Ragnar Locker ransomware operatives have claimed responsibility for last week’s cyber attack on TAP Air, Portugal’s flag airline.
The claim comes after TAP last week issued a terse announcement admitting it suffered a cyberattack. It followed up on Twitter, saying the incident was contained, with no evidence that the threat actors accessed customer data.
“TAP was the target of a cyber-attack, now blocked,” the airline tweeted. “Operational integrity is guaranteed. No facts have been found that allow us to conclude that there has been improper access to customer data. The website and app still have some instability. Thank you for your understanding.”
In a second follow-up, TAP said it “continues to adopt, with the support of an external international entity and in coordination with the authorities, all appropriate containment and remediation measures to protect the company and its customers.”

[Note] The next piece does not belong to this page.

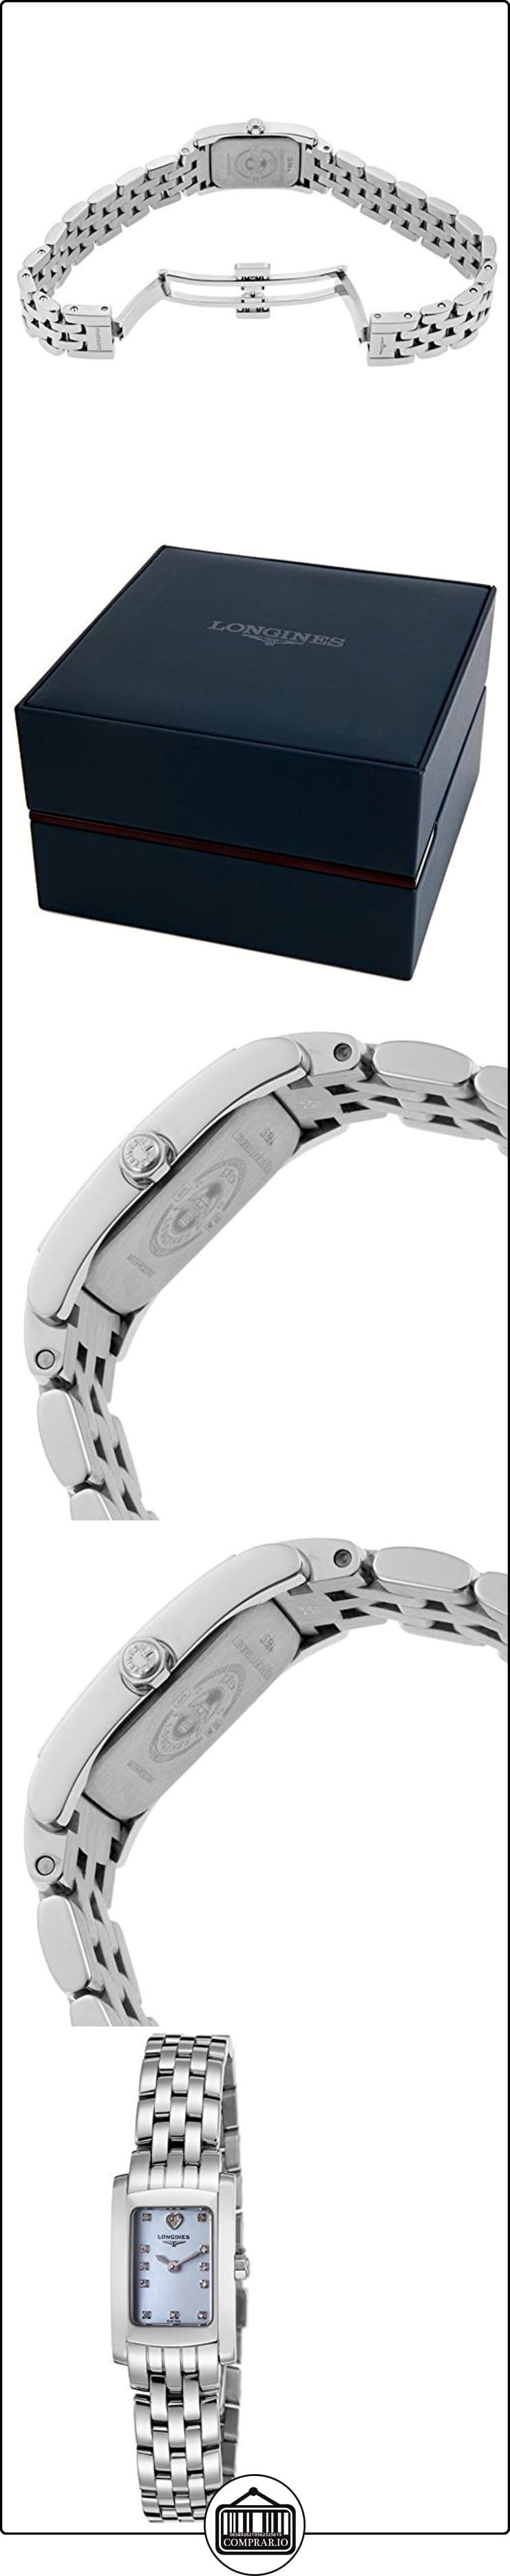 Longines l5.158.4.92.6  ✿ Relojes para mujer - (Lujo) ✿
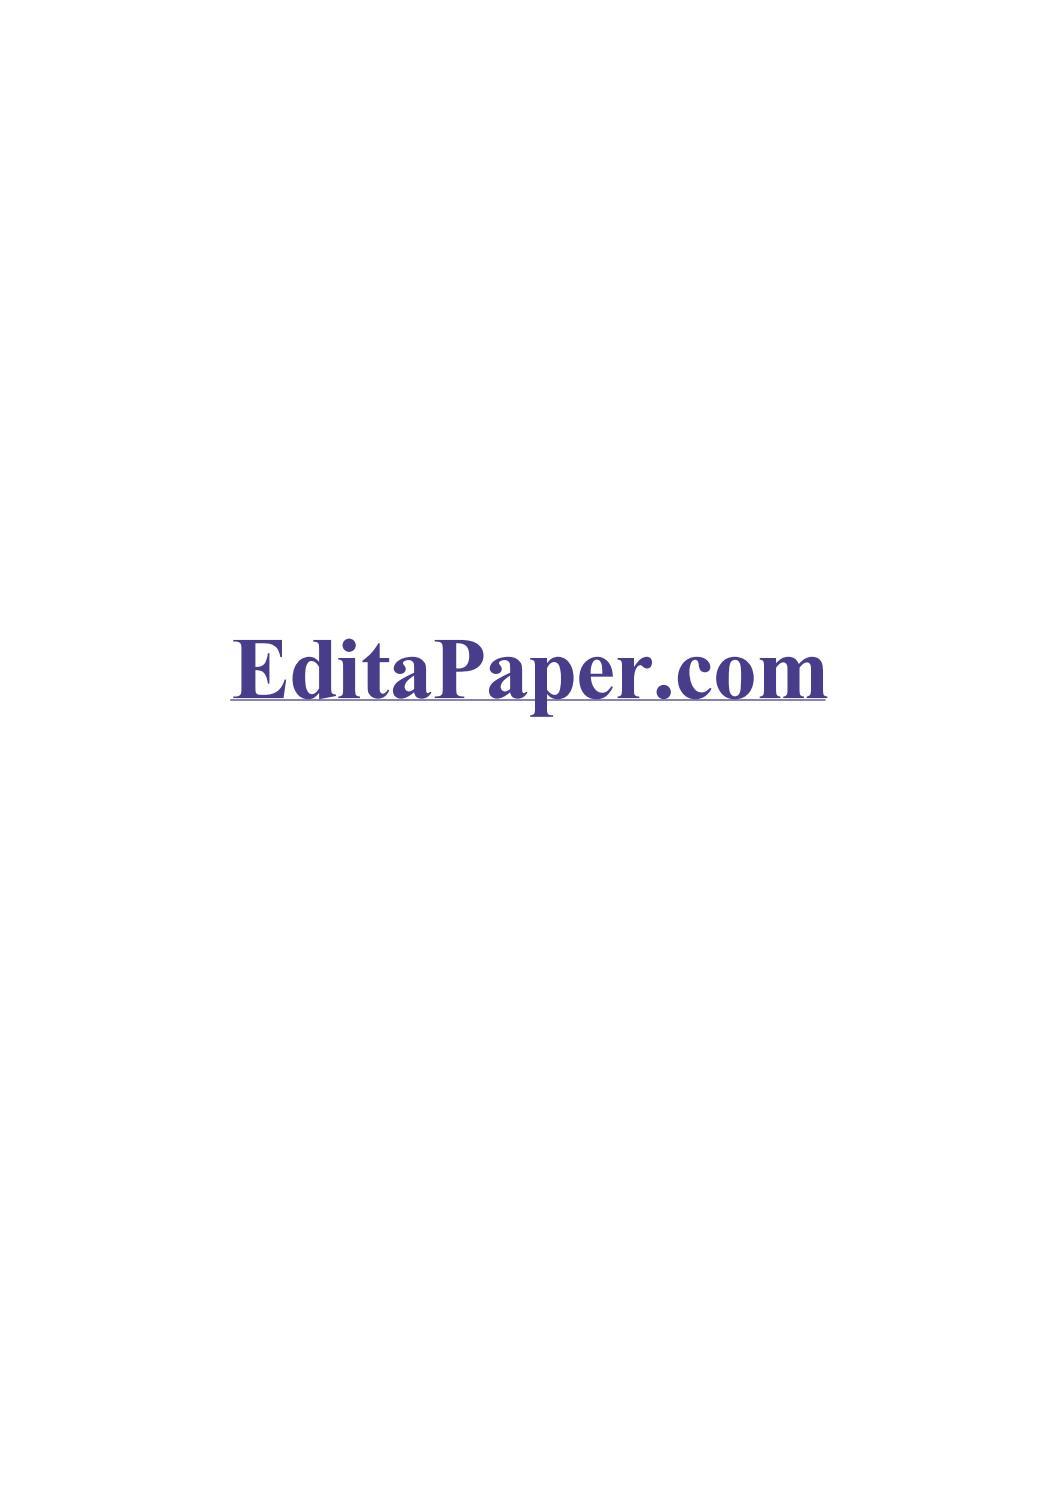 Nikhil salvi thesis best mba essay writers sites uk

It also noted that “allegations are being made that an organised cybercrime group has stolen customer data.”
According to the Dark Web, those allegations are true.
On their name-and-shame site, Ragnar Locker operatives have now claimed responsibility for the attack, sharing images that appear to show compromised TAP customer information, including names, dates of birth, emails and addresses, as reported by Bleeping Computer.
The gang believes it is sitting on “hundreds of gigabytes” of data pilfered from TAP’s servers.
It is unclear what the ransom demands are, or whether TAP plans to cooperate with their aggressors to keep them from publishing or selling the data.
Last month, in a nearly identical scenario, the Ragnar Locker crew hacked DESFA, one of Greece’s major natural gas operators, “with a confirmed impact on the availability of some systems and possible leakage of a number of directories and files,” according to the company.